I suggest using a left join
to accomplish this. This will maintain the order corresponding to your list of index values. (And it is quite performant.)
For example, let's start with this shuffled DataFrame.
nbr_rows = 30_000_000
df = pl.DataFrame({
'c1': pl.arange(0, nbr_rows, eager=True).shuffle(2),
'c2': pl.arange(0, nbr_rows, eager=True).shuffle(3),
})
df
shape: (30000000, 2)
┌──────────┬──────────┐
│ c1 ┆ c2 │
│ --- ┆ --- │
│ i64 ┆ i64 │
╞══════════╪══════════╡
│ 4052015 ┆ 20642741 │
│ 7787054 ┆ 17007051 │
│ 20246150 ┆ 19445431 │
│ 1309992 ┆ 6495751 │
│ ... ┆ ... │
│ 10371090 ┆ 4791782 │
│ 26281644 ┆ 12350777 │
│ 6740626 ┆ 24888572 │
│ 22573405 ┆ 14885989 │
└──────────┴──────────┘
And these index values:
nbr_index_values = 10_000
s1 = pl.Series(name='c1', values=pl.arange(0, nbr_index_values, eager=True).shuffle())
s1
shape: (10000,)
Series: 'c1' [i64]
[
1754
6716
3485
7058
7216
1040
1832
3921
1639
6734
5560
7596
...
4243
4455
894
7806
9291
1883
9947
3309
2030
7731
4706
8528
8426
]
We now perform a left join
to obtain the rows corresponding to the index values. (Note that the list of index values is the left DataFrame in this join.)
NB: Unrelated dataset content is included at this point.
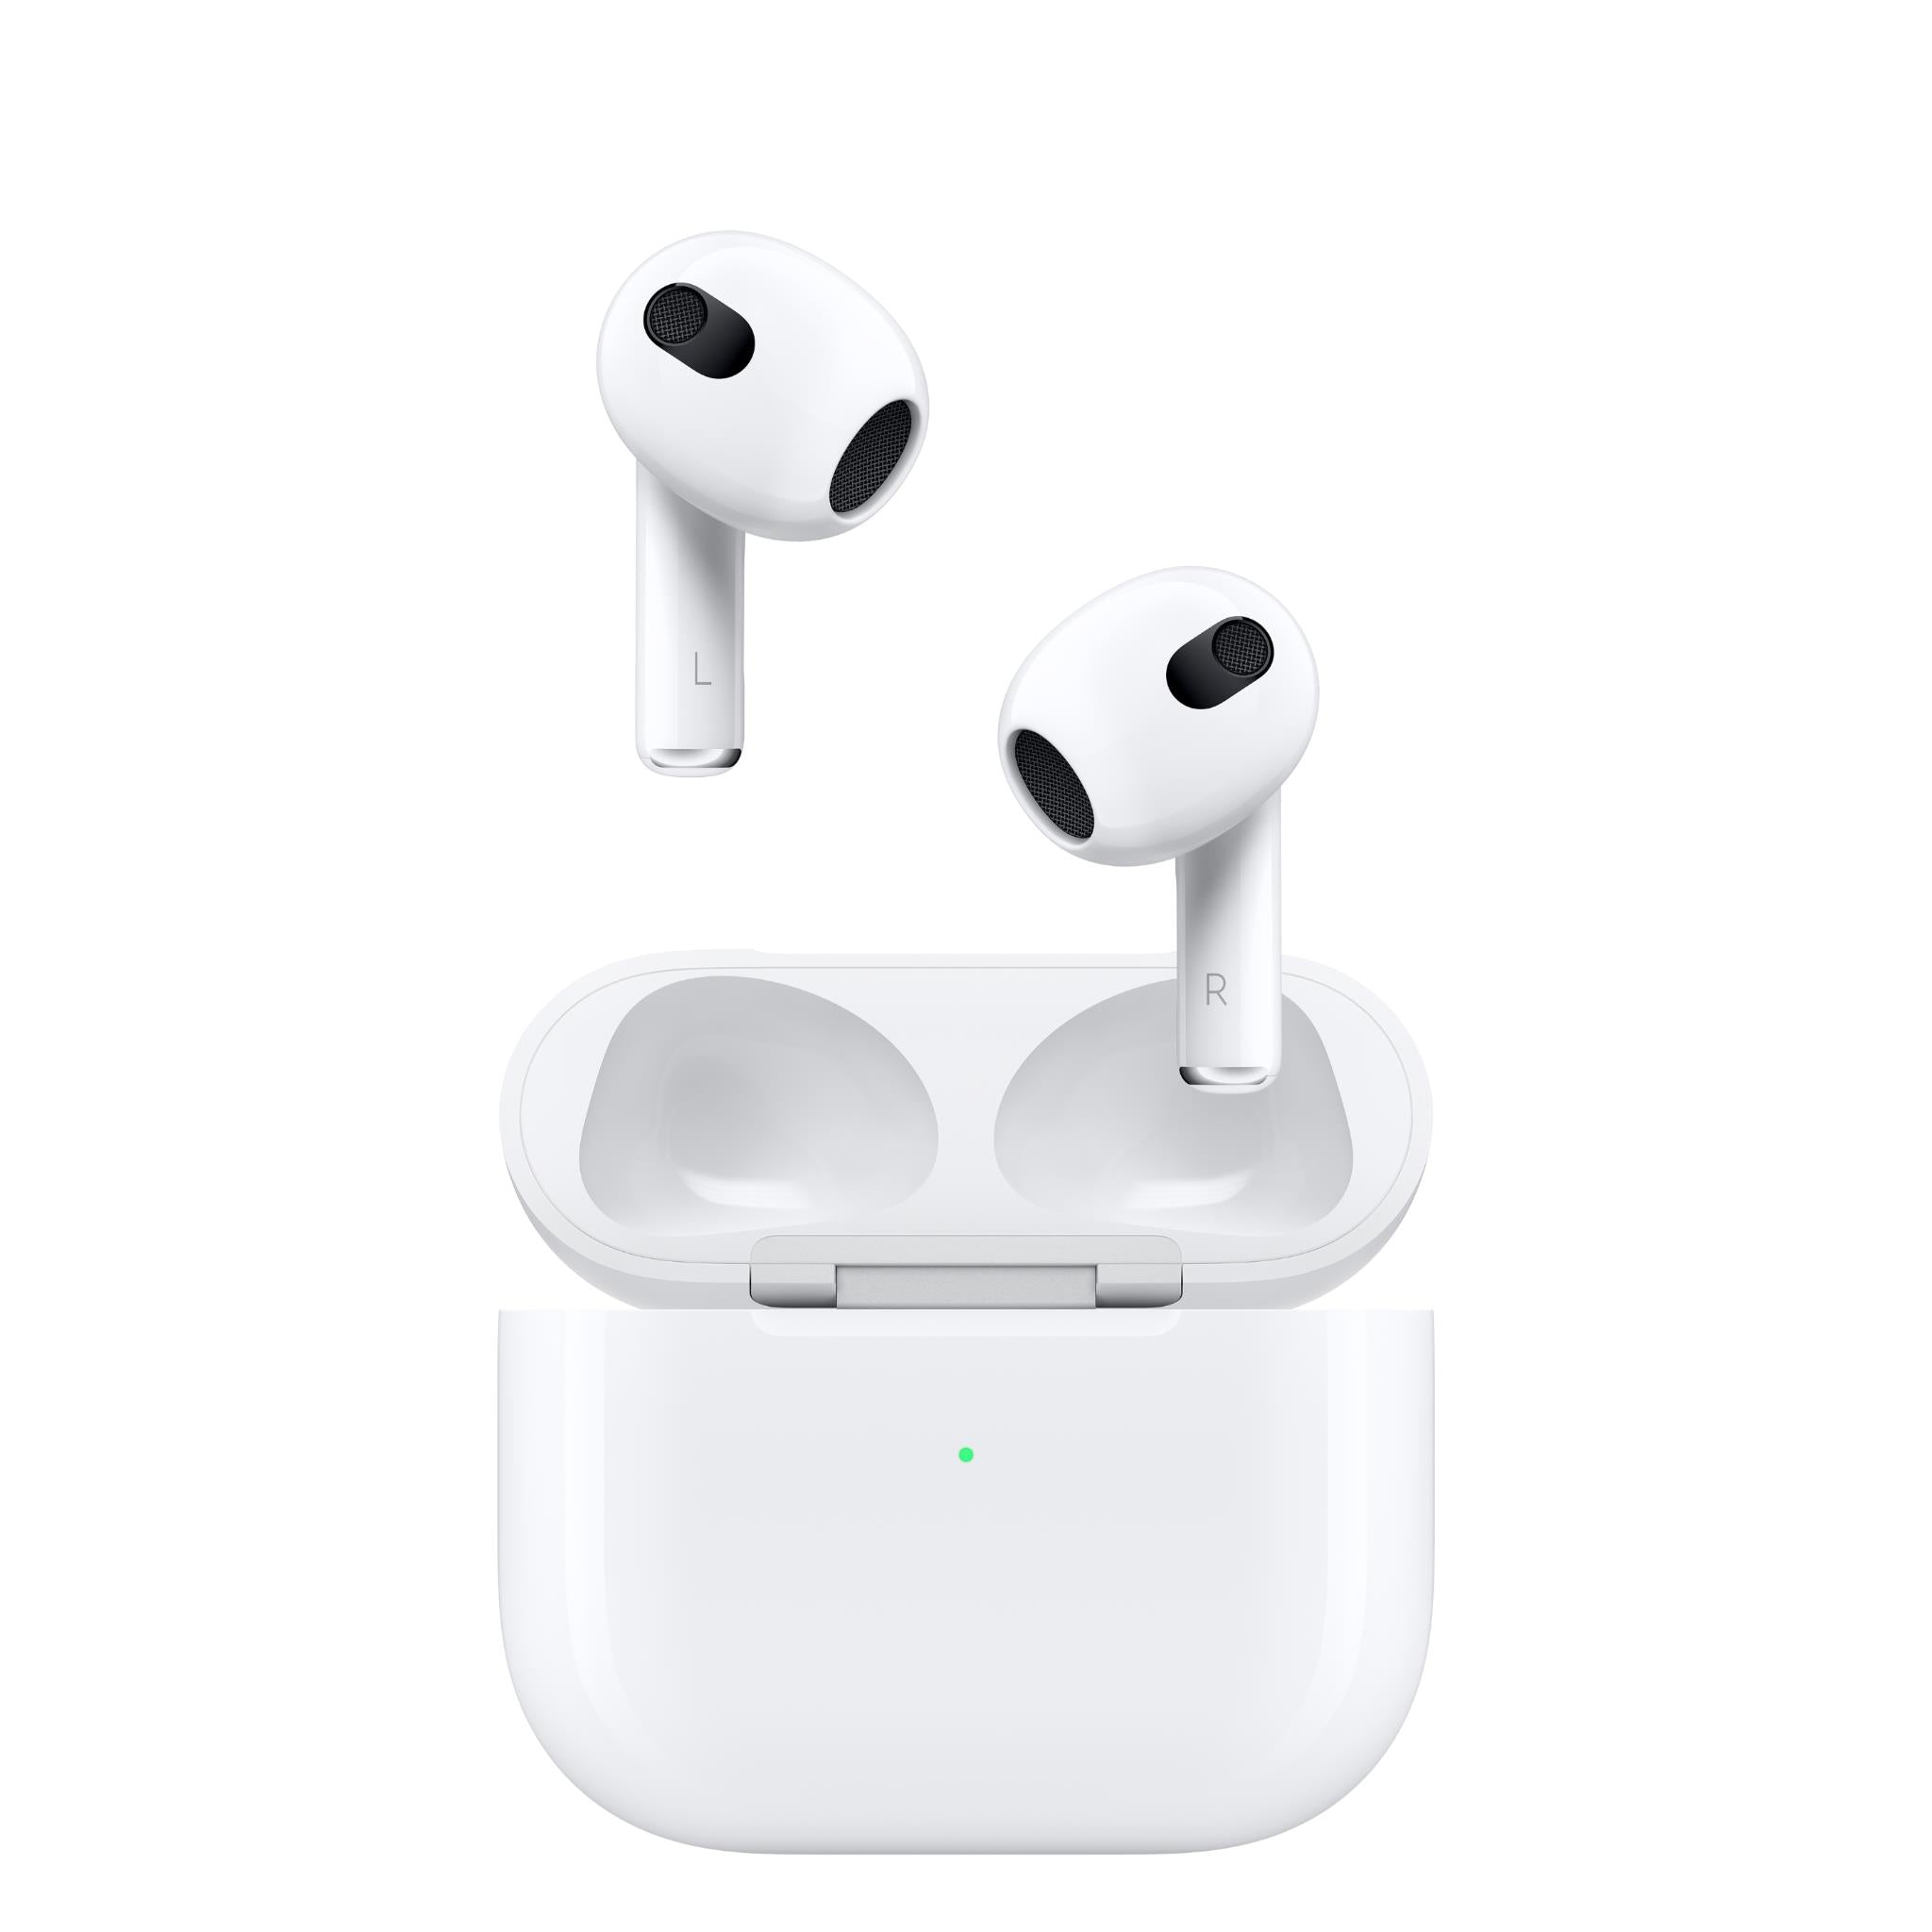 Apple AirPods review, price, specs, battery life
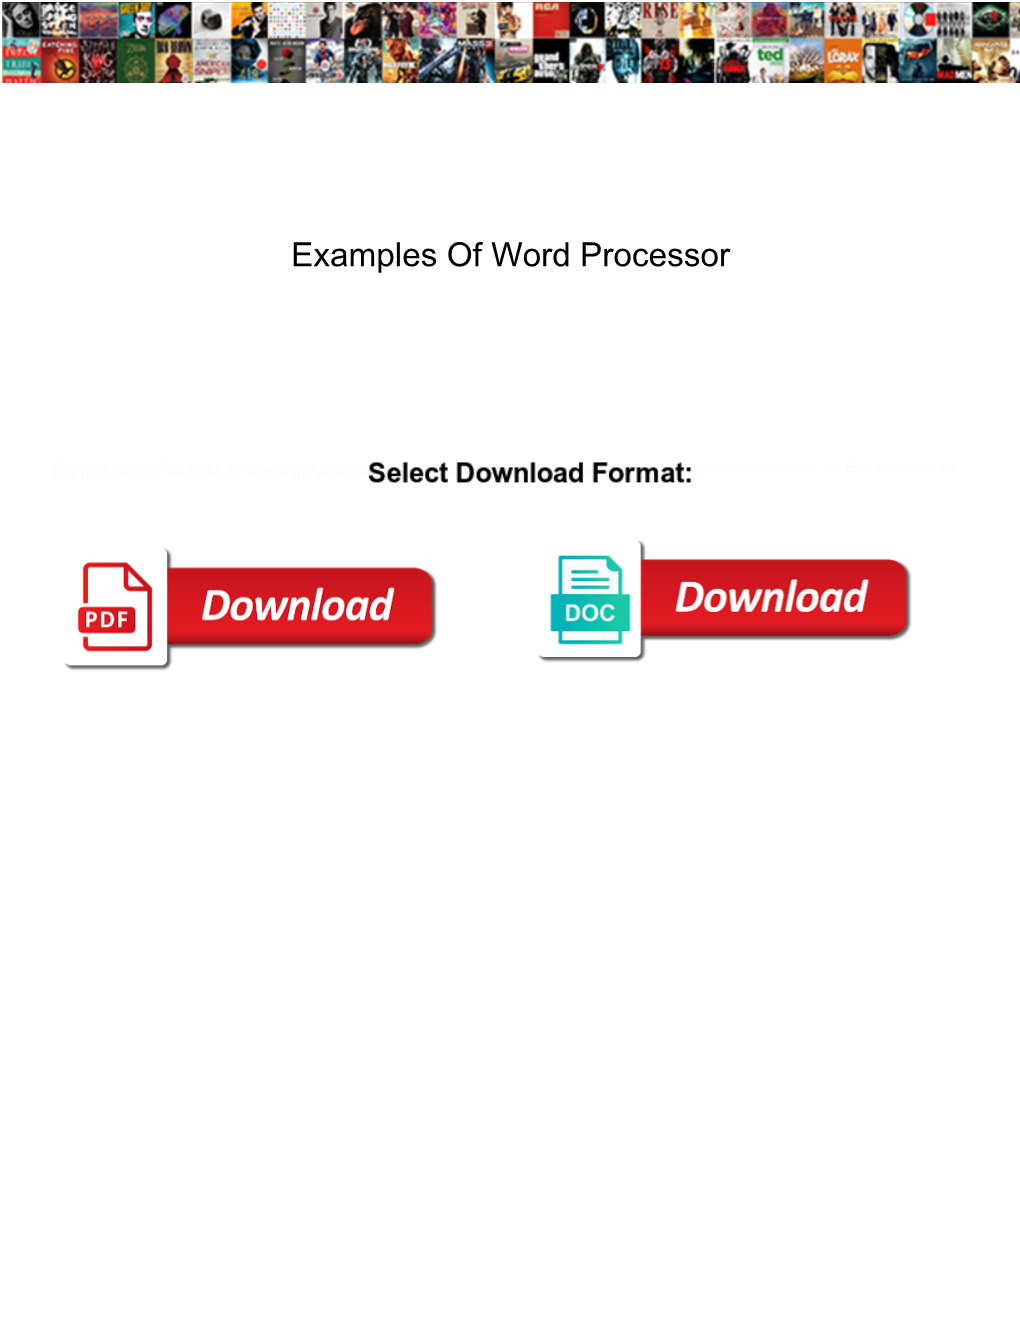 Examples of Word Processor

start = time.perf_counter()
df2 = (
s1.to_frame()
.join(
df,
on='c1',
how='left'
)
)
print(time.perf_counter() - start)
df2
>>> print(time.perf_counter() - start)
0.8427023889998964
shape: (10000, 2)
┌──────┬──────────┐
│ c1 ┆ c2 │
│ --- ┆ --- │
│ i64 ┆ i64 │
╞══════╪══════════╡
│ 1754 ┆ 15734441 │
│ 6716 ┆ 20631535 │
│ 3485 ┆ 20199121 │
│ 7058 ┆ 15881128 │
│ ... ┆ ... │
│ 7731 ┆ 19420197 │
│ 4706 ┆ 16918008 │
│ 8528 ┆ 5278904 │
│ 8426 ┆ 18927935 │
└──────┴──────────┘
Notice how the rows are in the same order as the index values. We can verify this:
s1.series_equal(df2.get_column('c1'), strict=True)
>>> s1.series_equal(df2.get_column('c1'), strict=True)
True
And the performance is quite good. On my 32-core system, this takes less than a second.